__TASK TO COMPLETE__:
Repeat the data exactly, please; no pictures belong in the copy.

__DATA PROVIDED__:
----

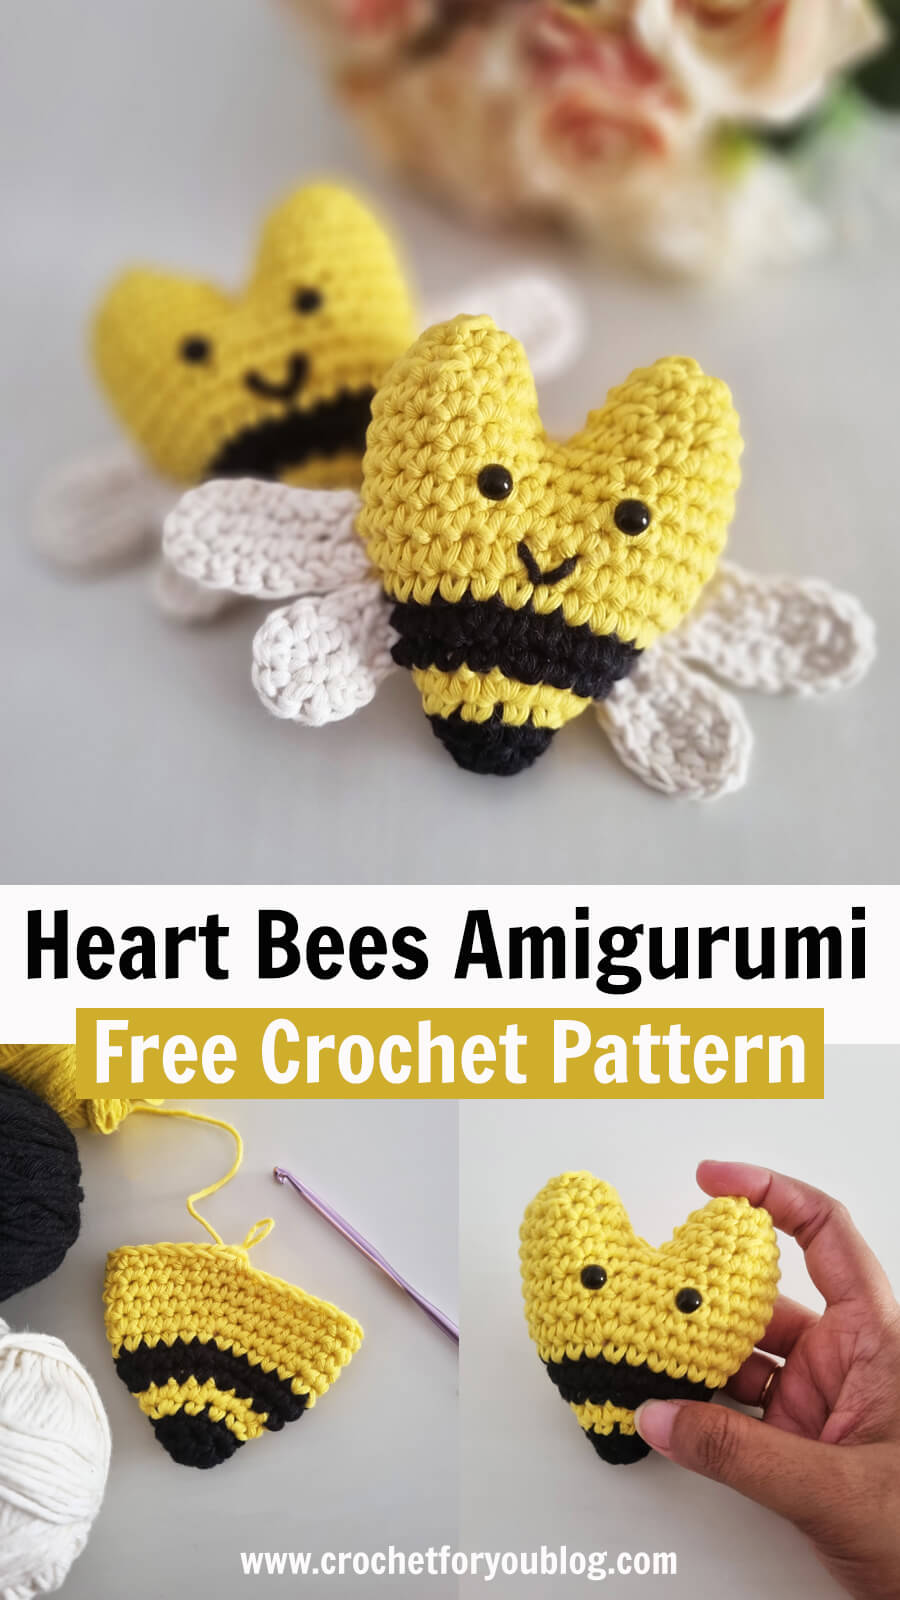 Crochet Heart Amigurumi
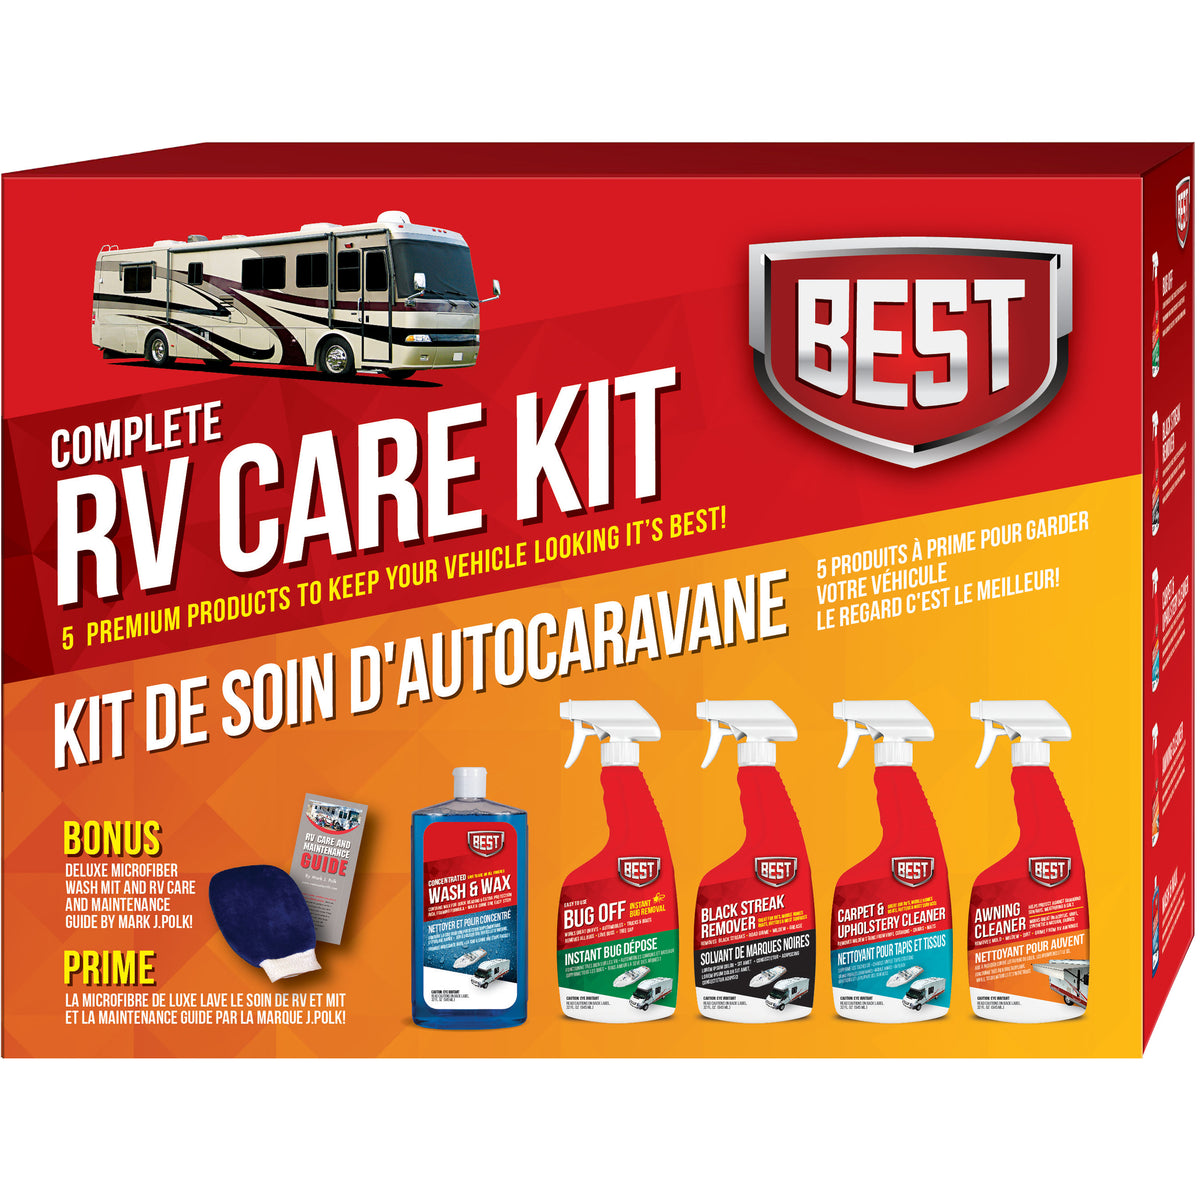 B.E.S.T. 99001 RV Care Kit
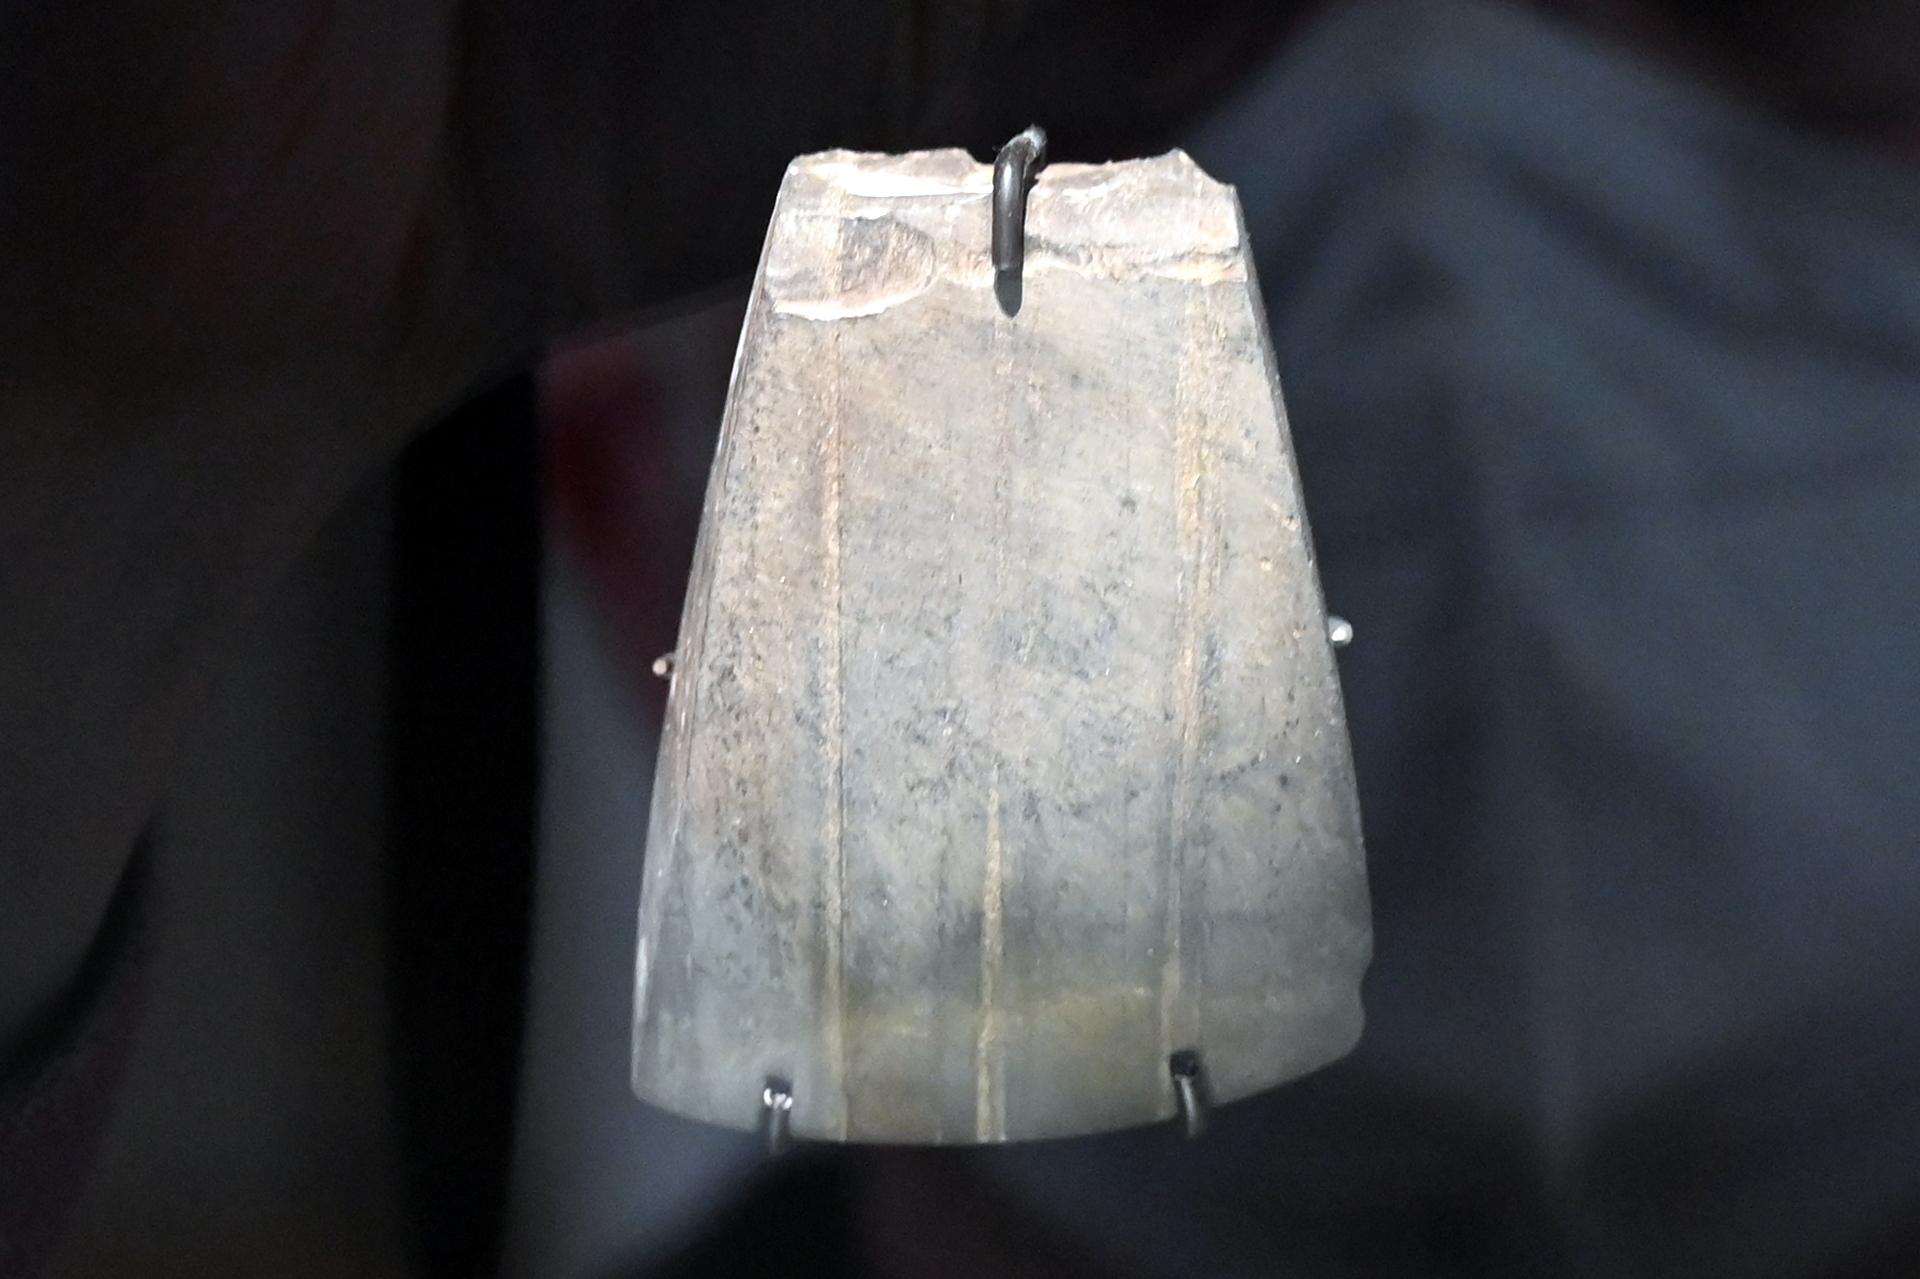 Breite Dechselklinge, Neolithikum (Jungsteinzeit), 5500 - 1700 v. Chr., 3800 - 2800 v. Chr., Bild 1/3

----

__RESPONSE FOR THIS EXERCISE__:
 Crochet Heart Amigurumi
 B.E.S.T. 99001 RV Care Kit
 Breite Dechselklinge, Neolithikum (Jungsteinzeit), 5500 - 1700 v. Chr., 3800 - 2800 v. Chr., Bild 1/3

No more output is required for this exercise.